What you should do: Your copy should hold only the lines from the one with "Smart Screen On" to the one with "Beagle Watercolour Dog", both included, each exactly as it stands below, with no pictures.

Material for this exercise:
⟨

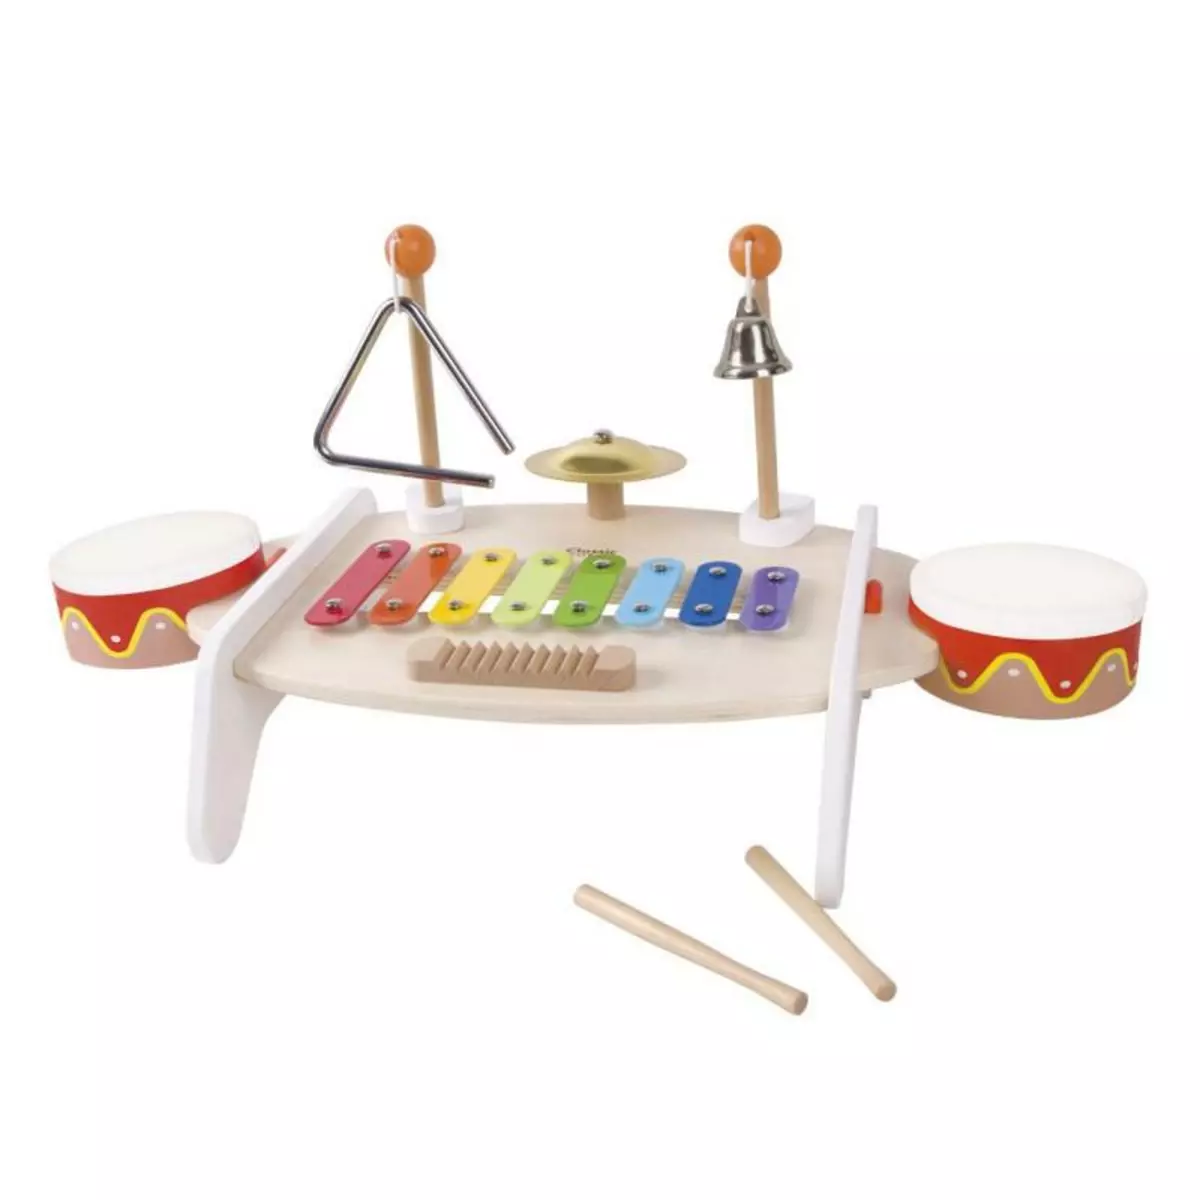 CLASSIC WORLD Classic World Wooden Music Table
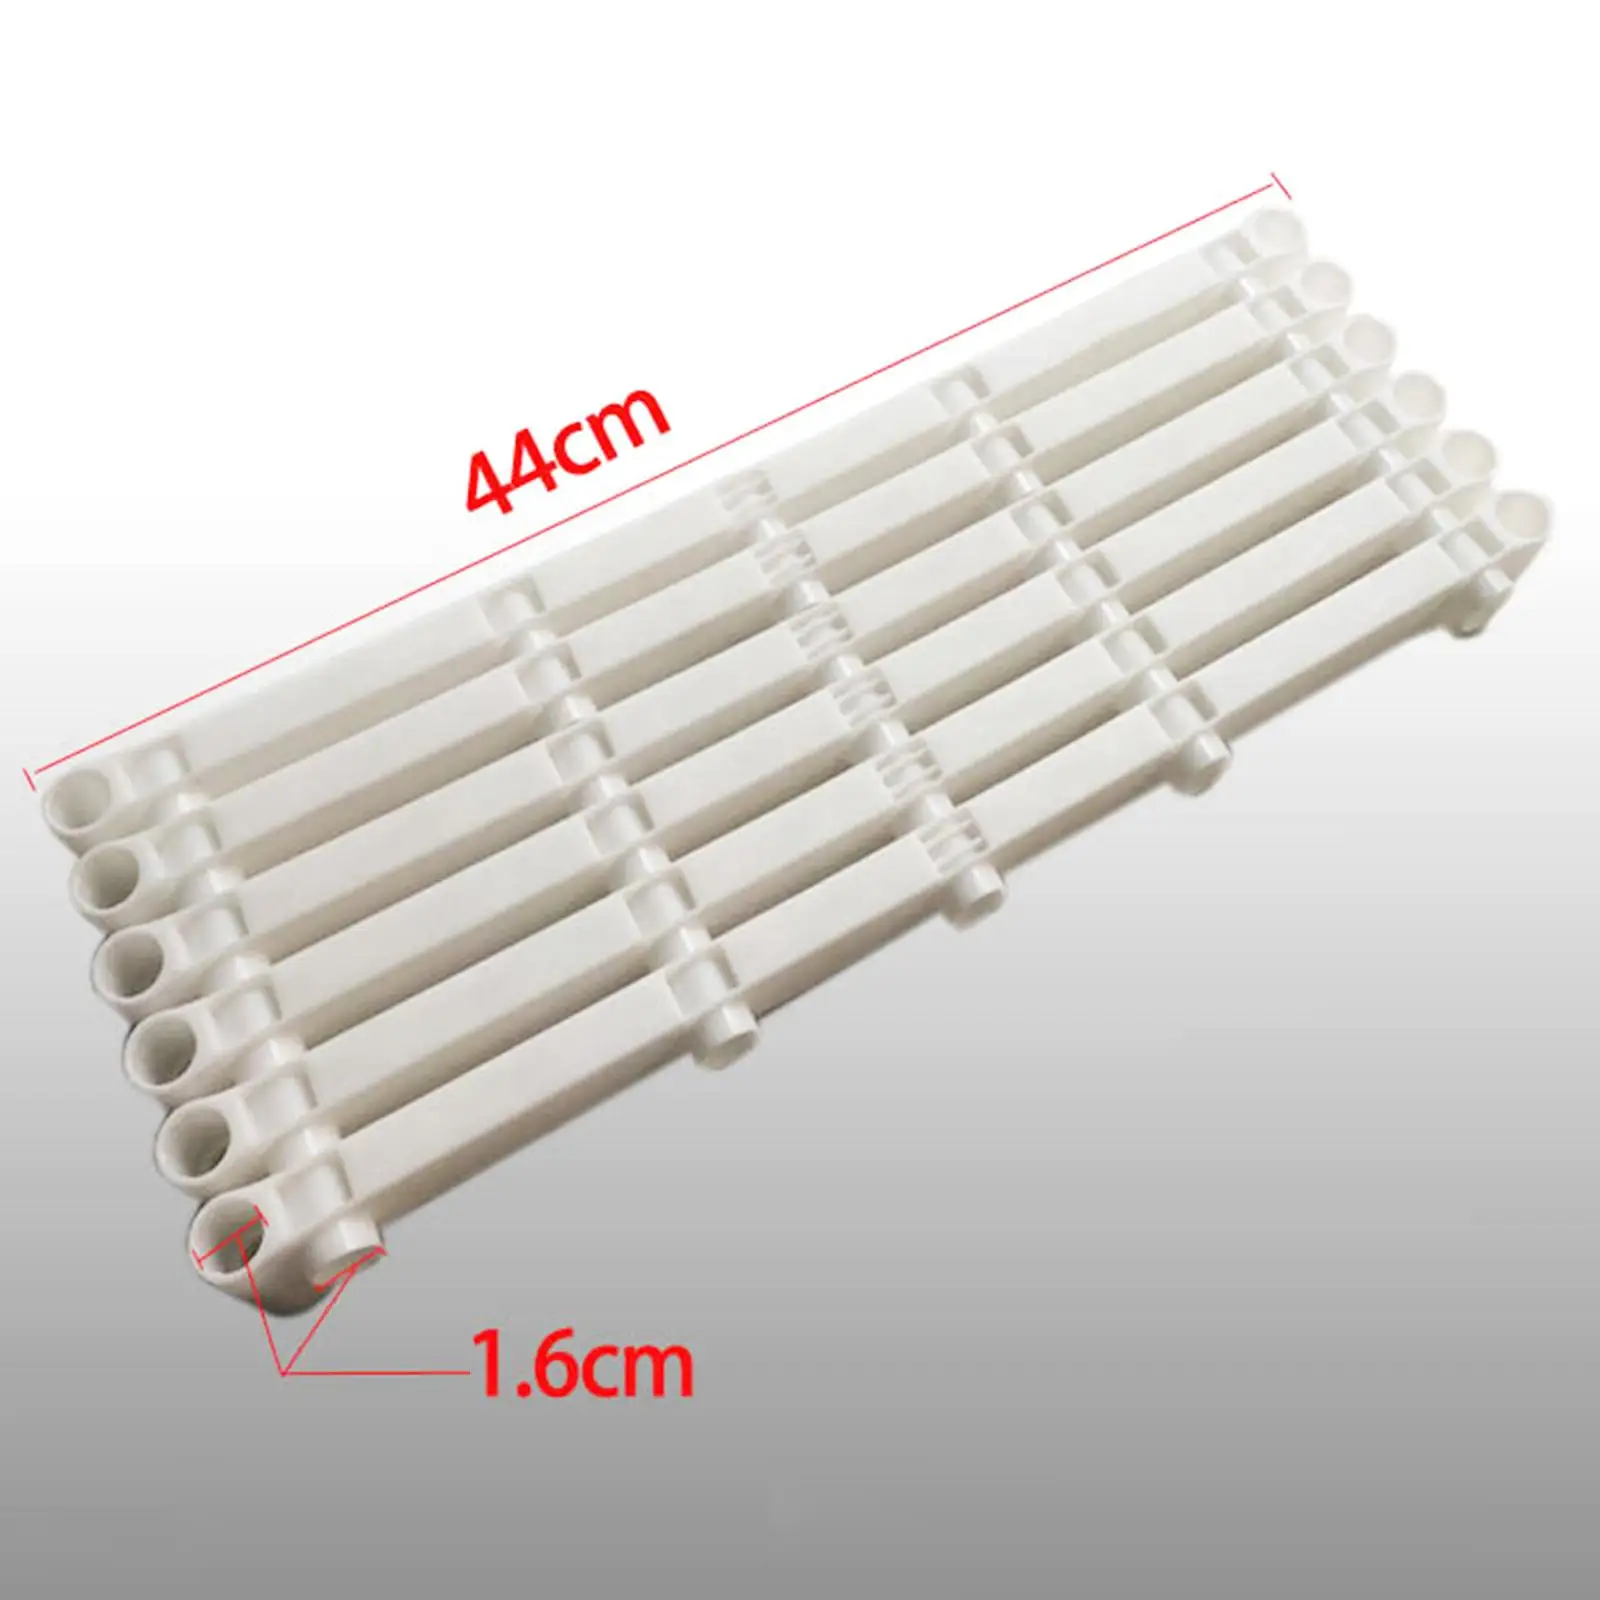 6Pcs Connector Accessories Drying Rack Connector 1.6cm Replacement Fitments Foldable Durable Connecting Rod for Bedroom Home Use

⟩
⟨

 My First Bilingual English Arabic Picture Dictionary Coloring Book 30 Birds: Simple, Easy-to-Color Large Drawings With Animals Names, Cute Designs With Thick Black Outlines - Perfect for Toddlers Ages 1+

⟩
⟨

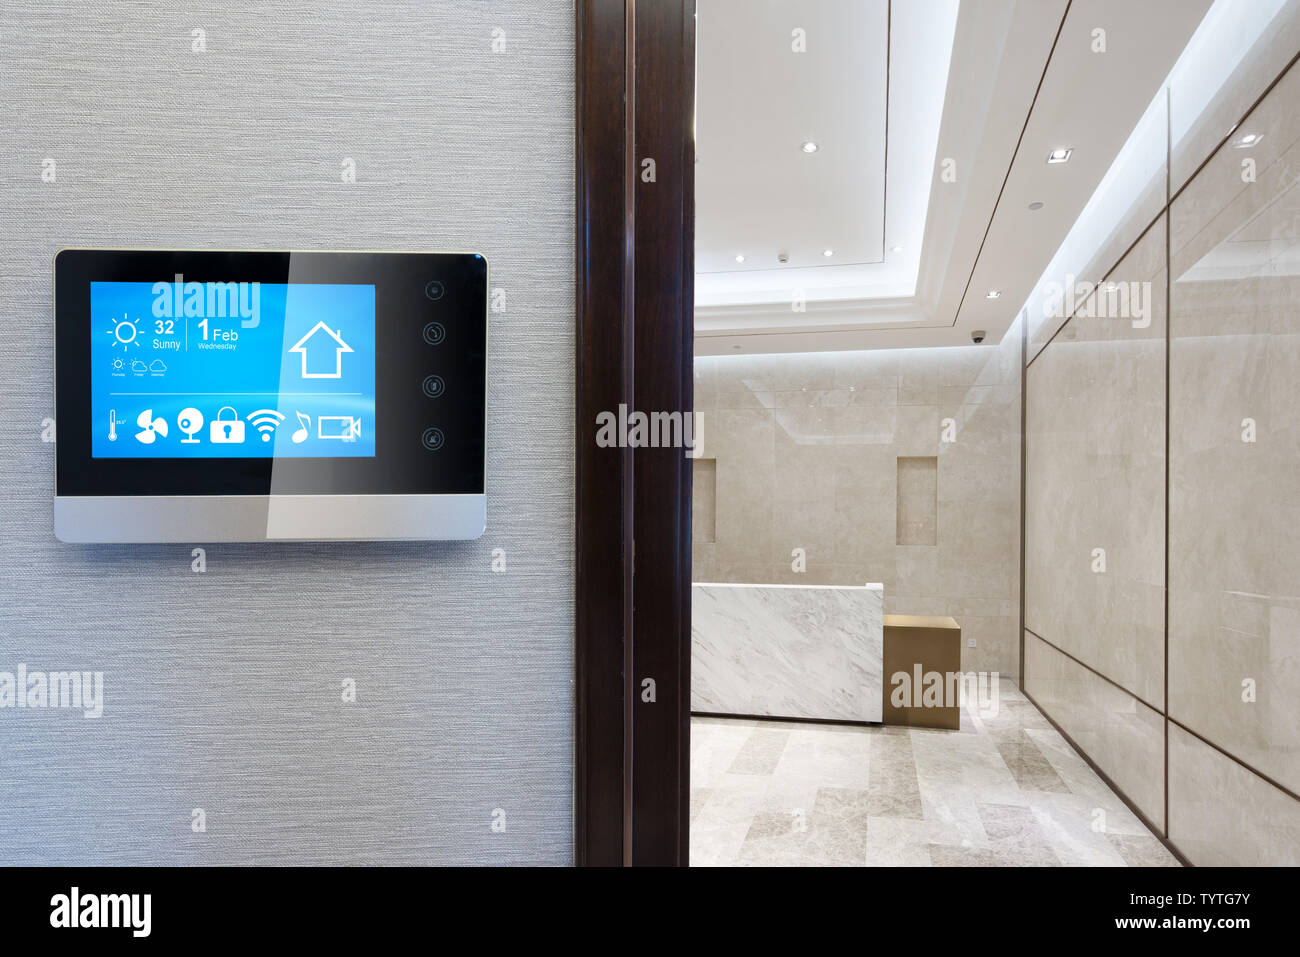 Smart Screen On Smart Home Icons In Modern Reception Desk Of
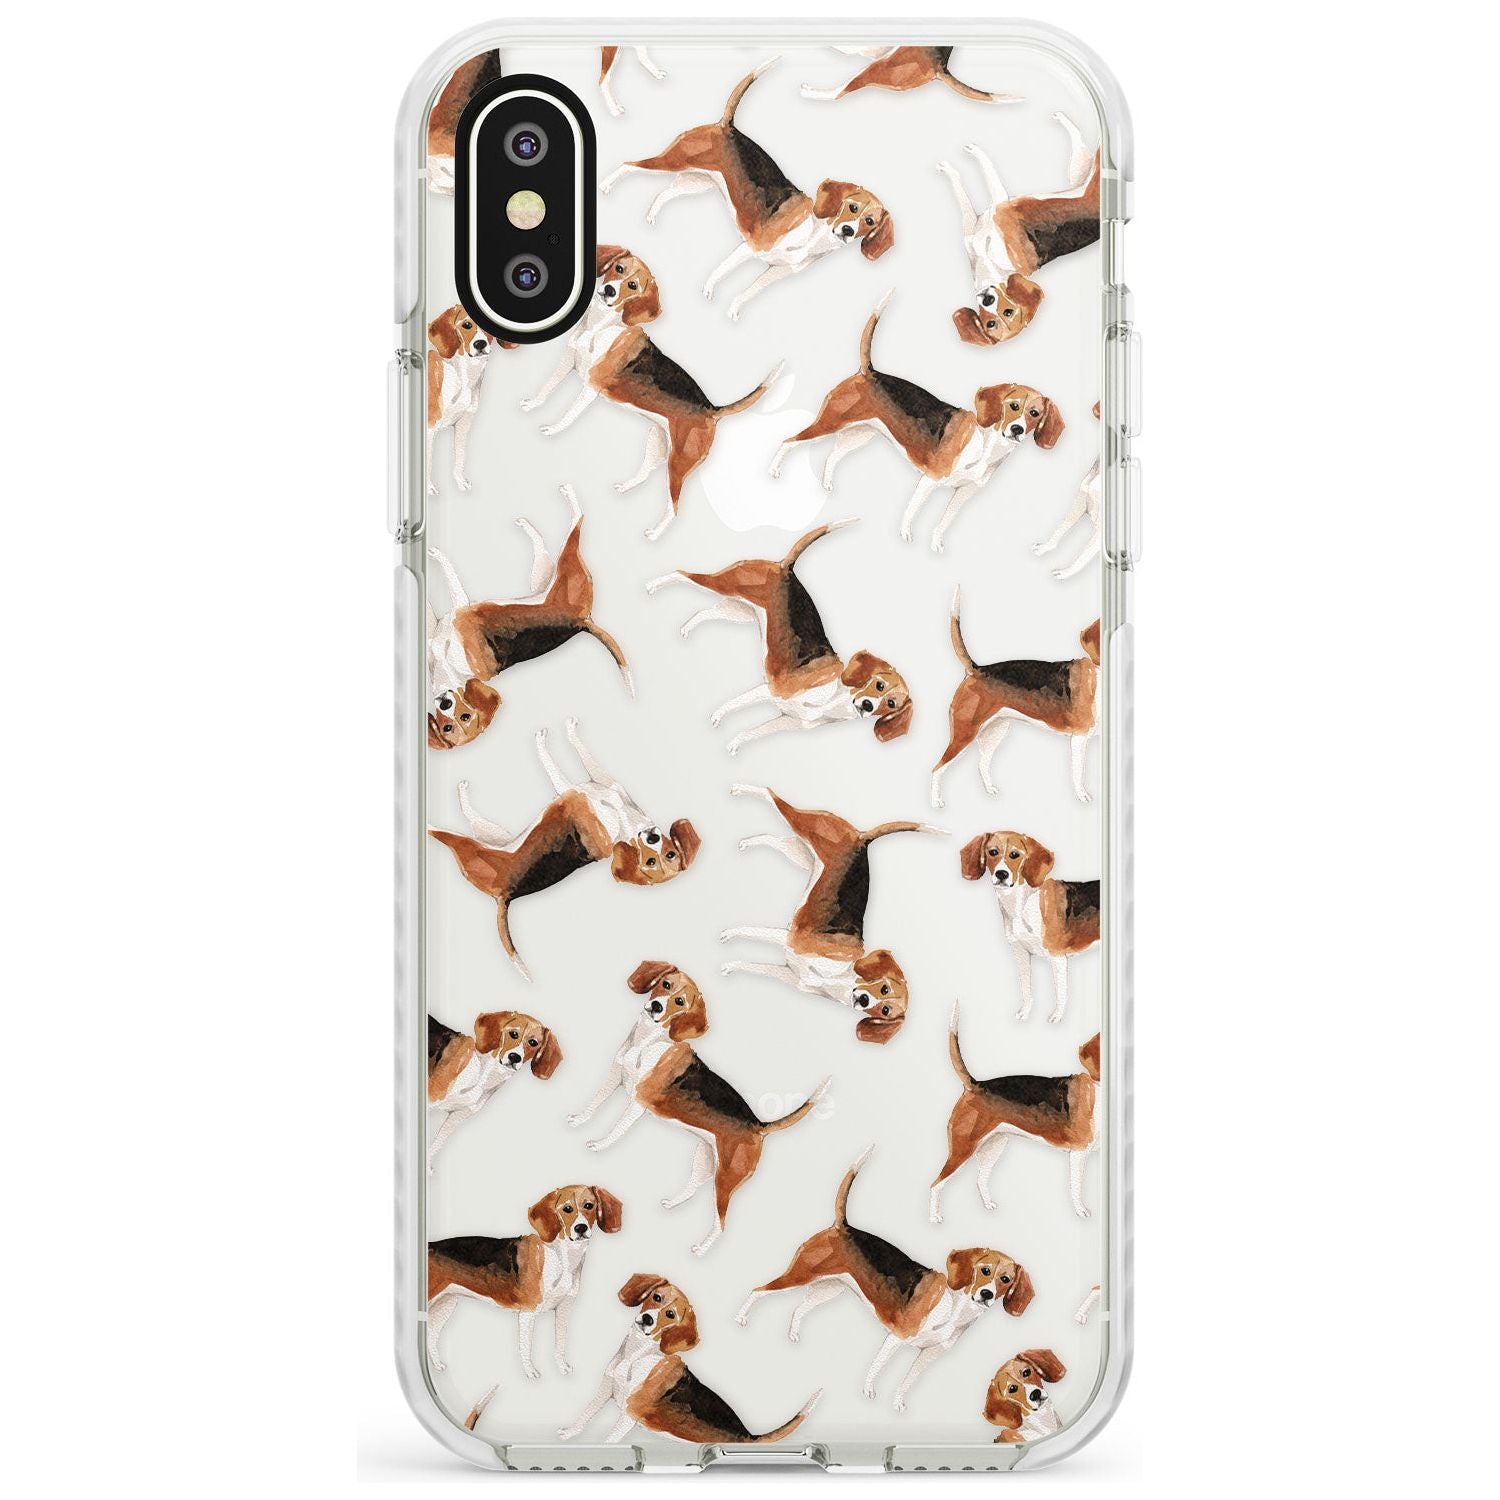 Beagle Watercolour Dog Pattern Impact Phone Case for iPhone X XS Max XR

⟩

Exercise response:
 Smart Screen On Smart Home Icons In Modern Reception Desk Of
 Beagle Watercolour Dog Pattern Impact Phone Case for iPhone X XS Max XR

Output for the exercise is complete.